Information shown.
· · · ·

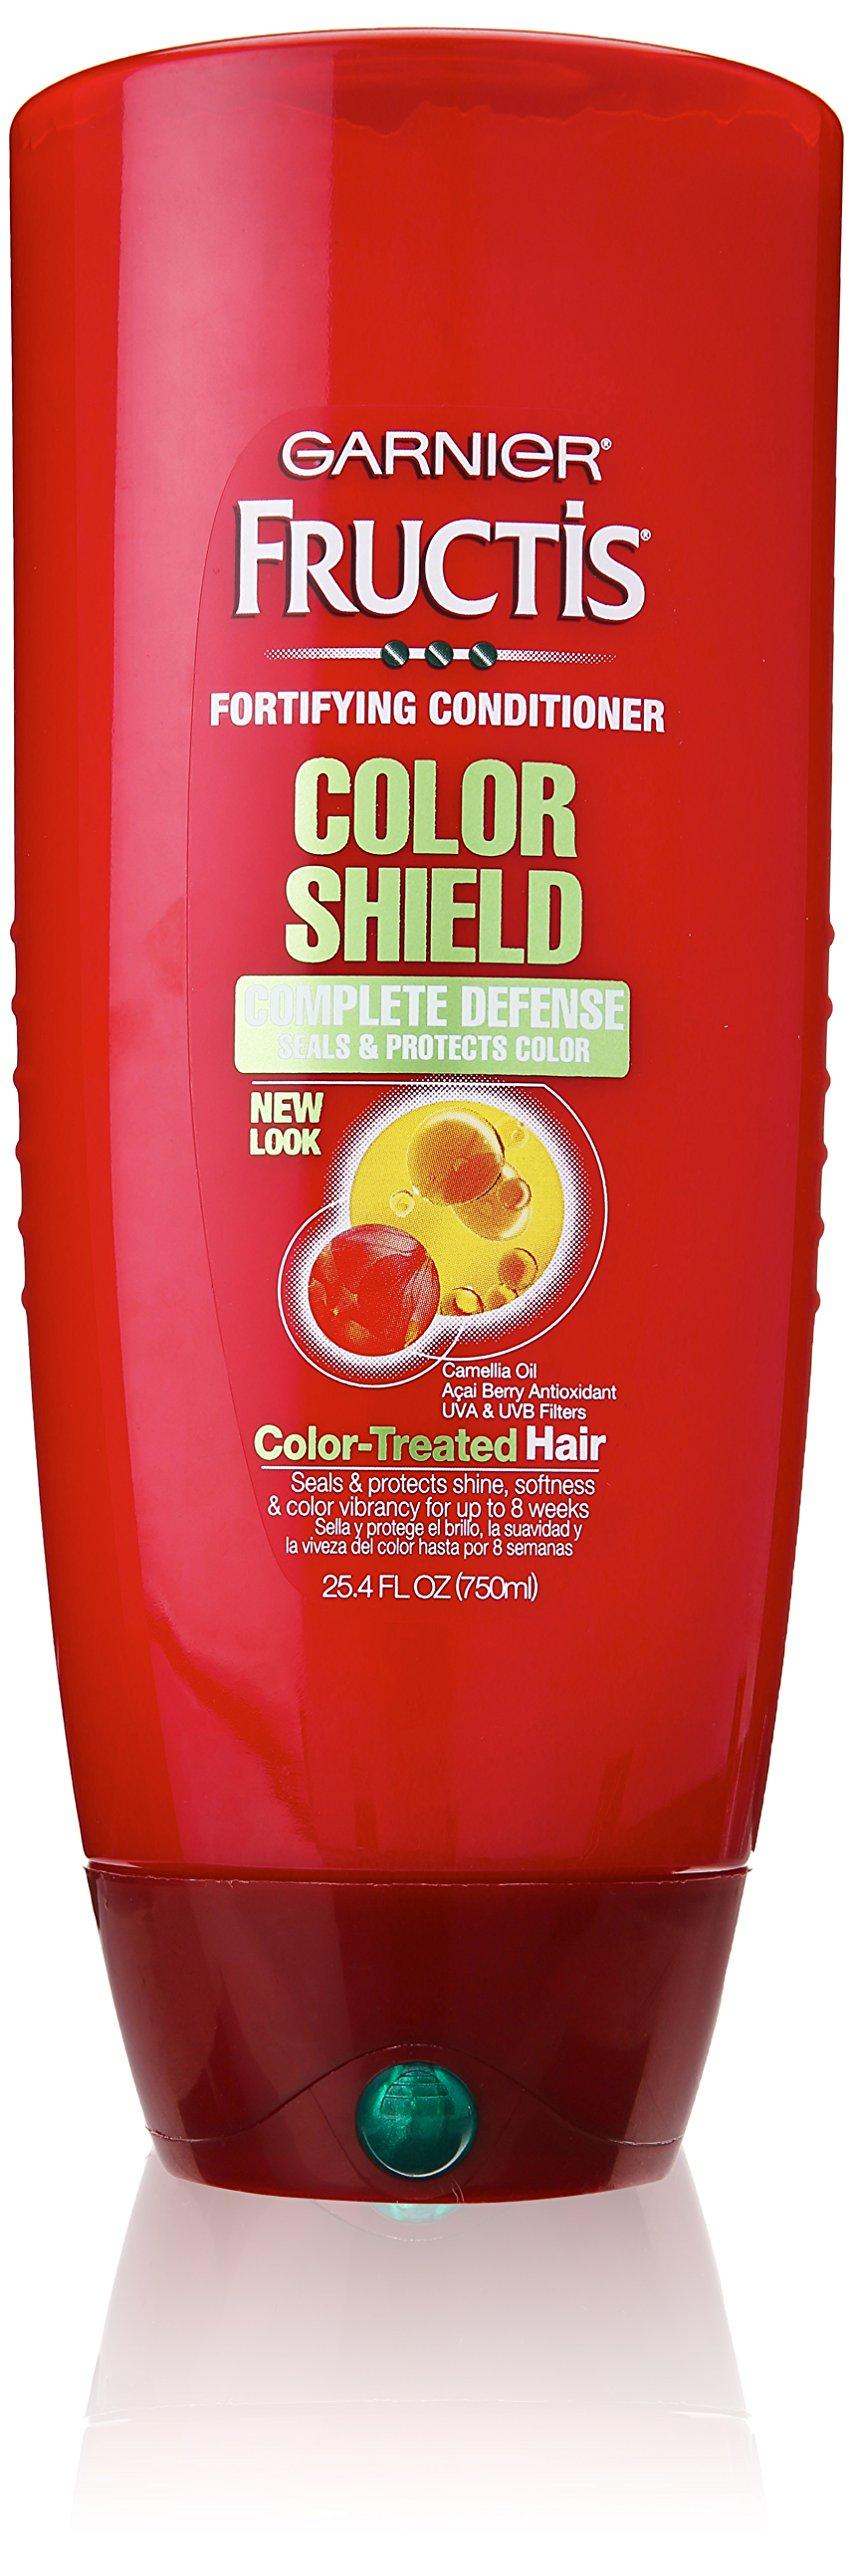 Amazon Garnier Fructis Color Shield Shampoo 2540 Fluid Ounce
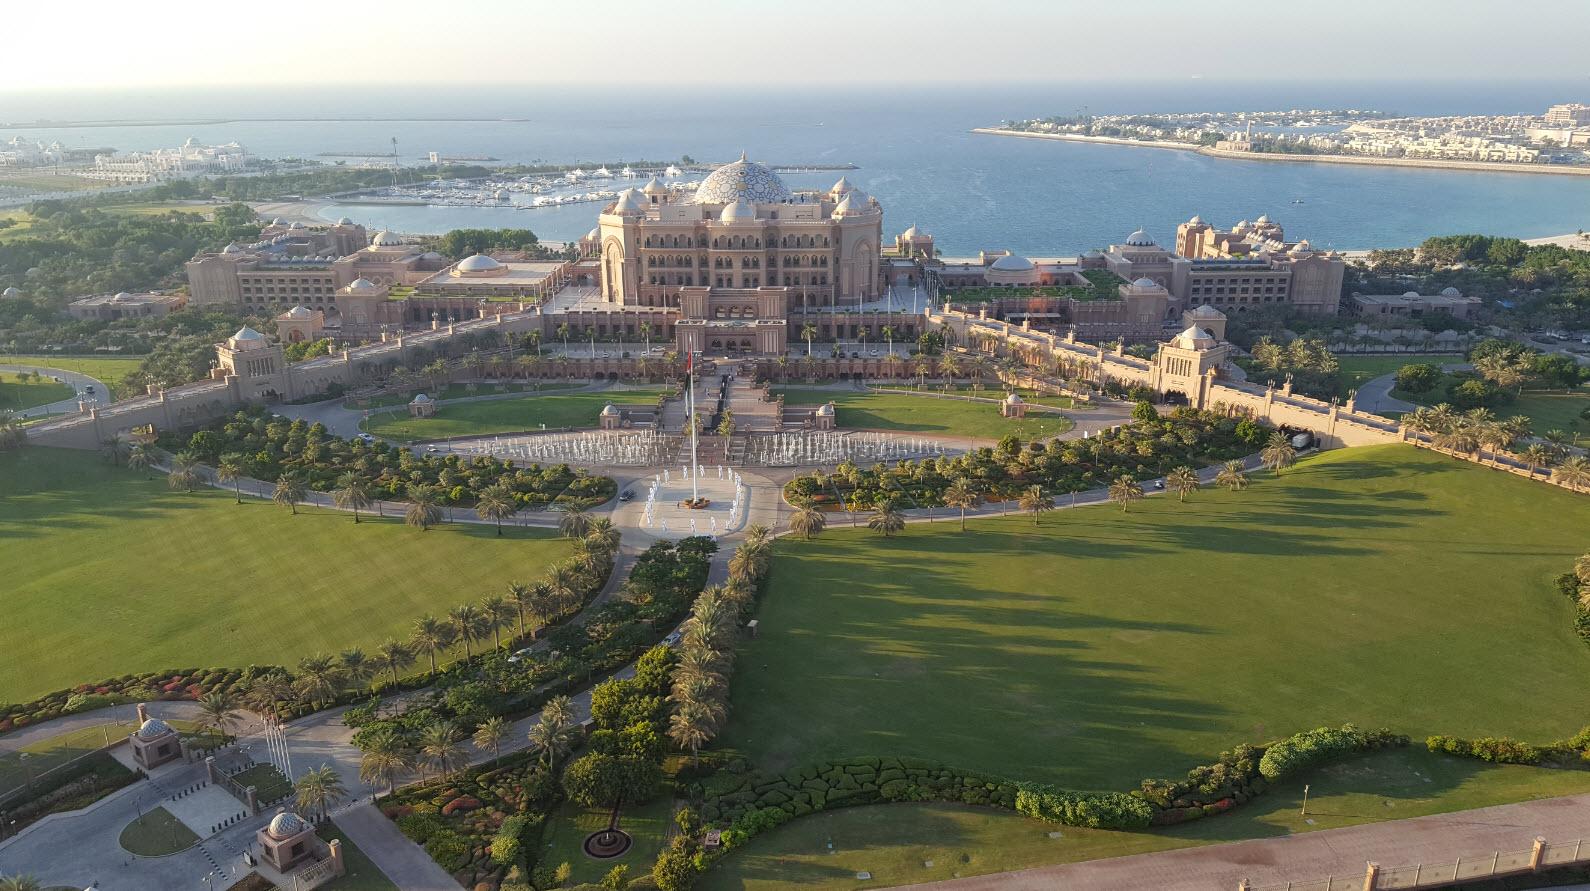 Vue sur Emirates Palace
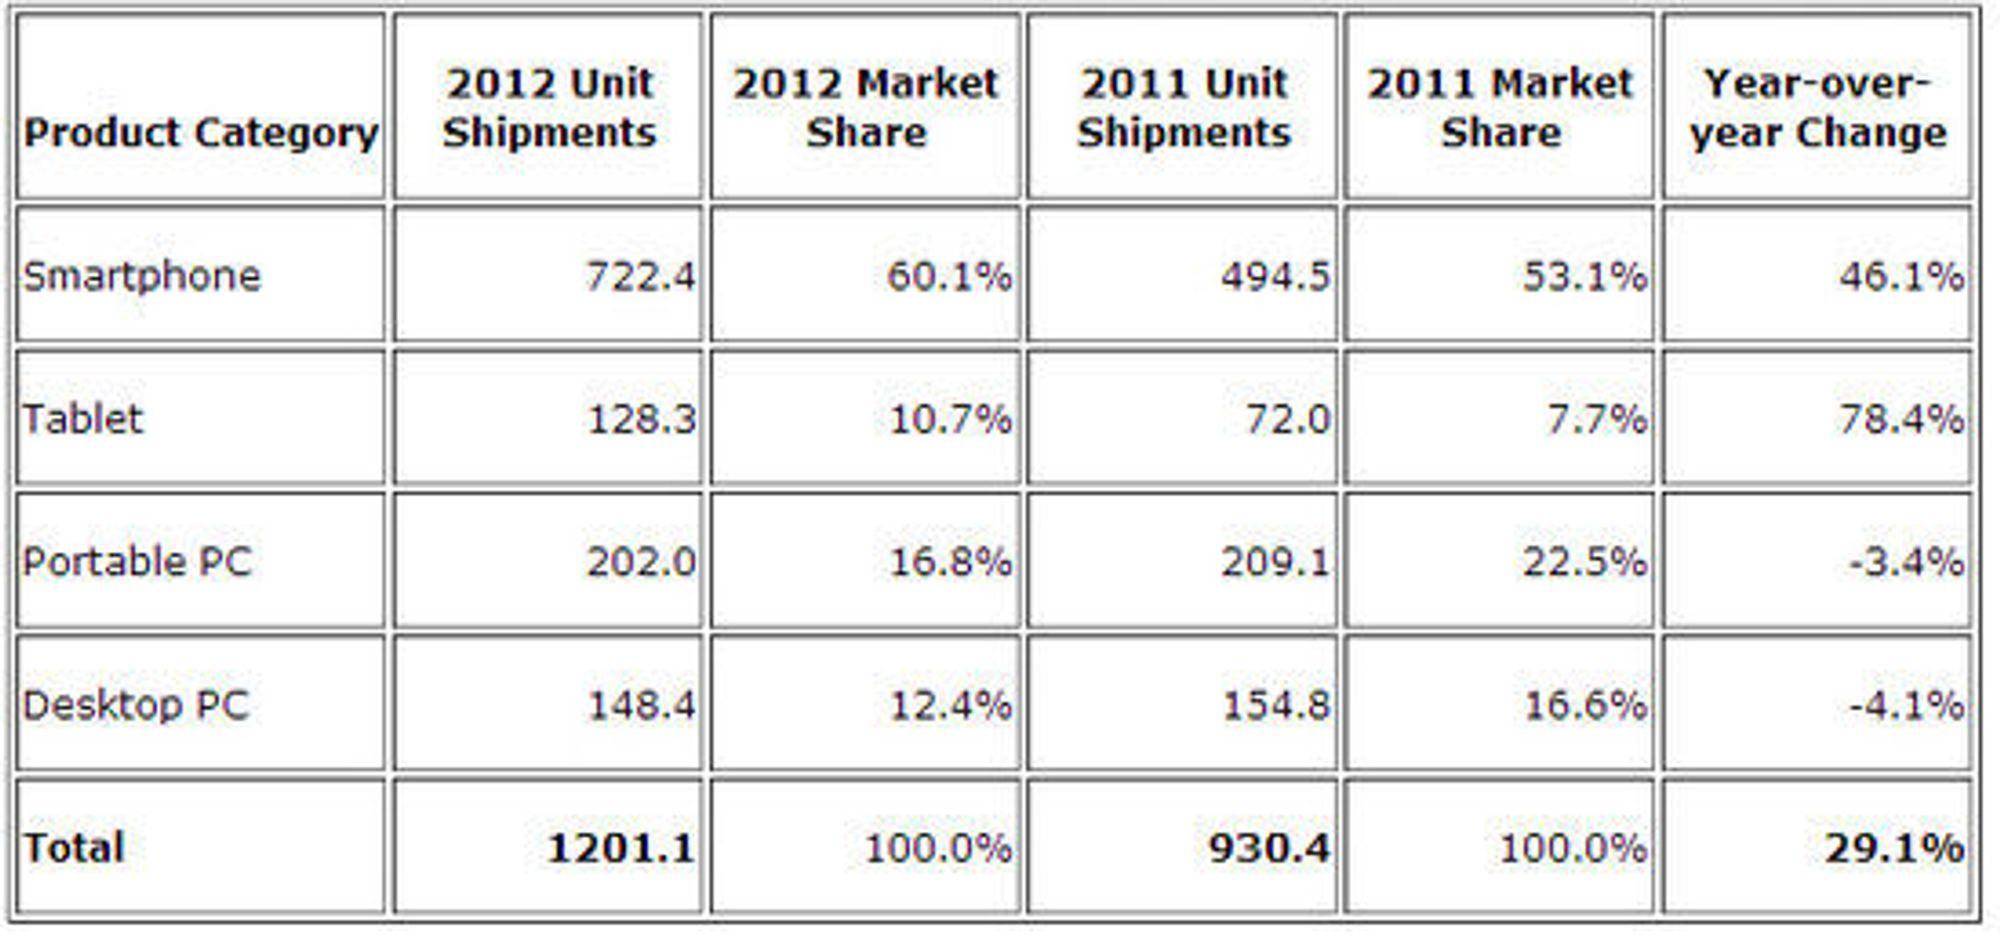 Salgstall for produktkategoriene smartmobil, nettbrett og pc i 2012, sammenlignet med 2011. Tallene er oppgitt i millioner enheter.
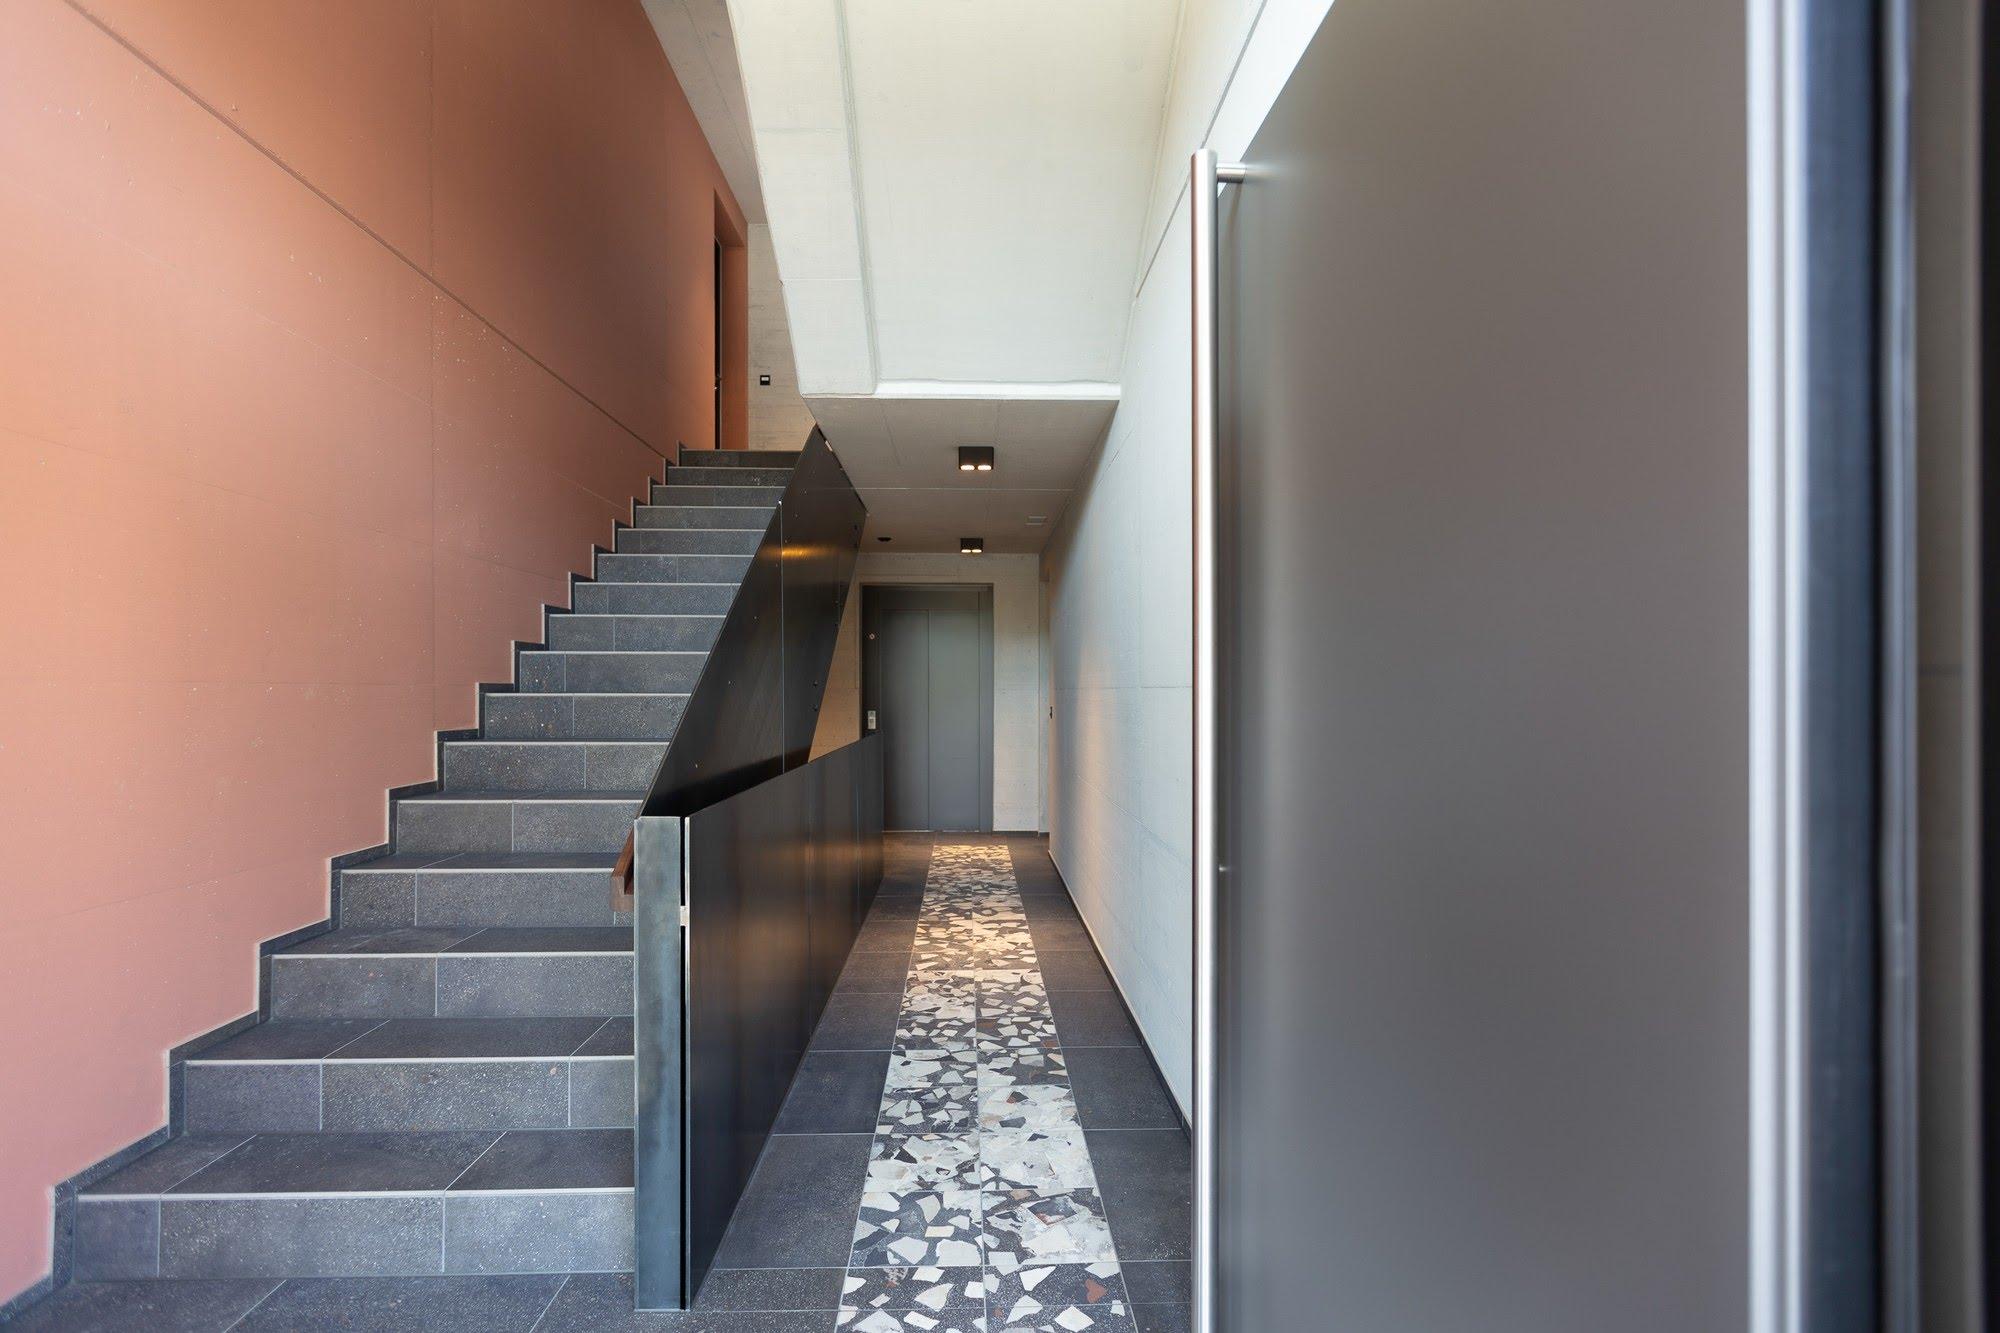 Wohnen MFH Wohnüberbauung Münigenfeld in Oberkirch Architektur,Wohnungsbau,Wohnhäuser,Einfamilienhäuser,Mehrfamilienhäuser

· · · ·

Except for the pictures, print the data above exactly.

Answer space.
 Amazon Garnier Fructis Color Shield Shampoo 2540 Fluid Ounce
 Vue sur Emirates Palace
 Salgstall for produktkategoriene smartmobil, nettbrett og pc i 2012, sammenlignet med 2011. Tallene er oppgitt i millioner enheter.
 Wohnen MFH Wohnüberbauung Münigenfeld in Oberkirch Architektur,Wohnungsbau,Wohnhäuser,Einfamilienhäuser,Mehrfamilienhäuser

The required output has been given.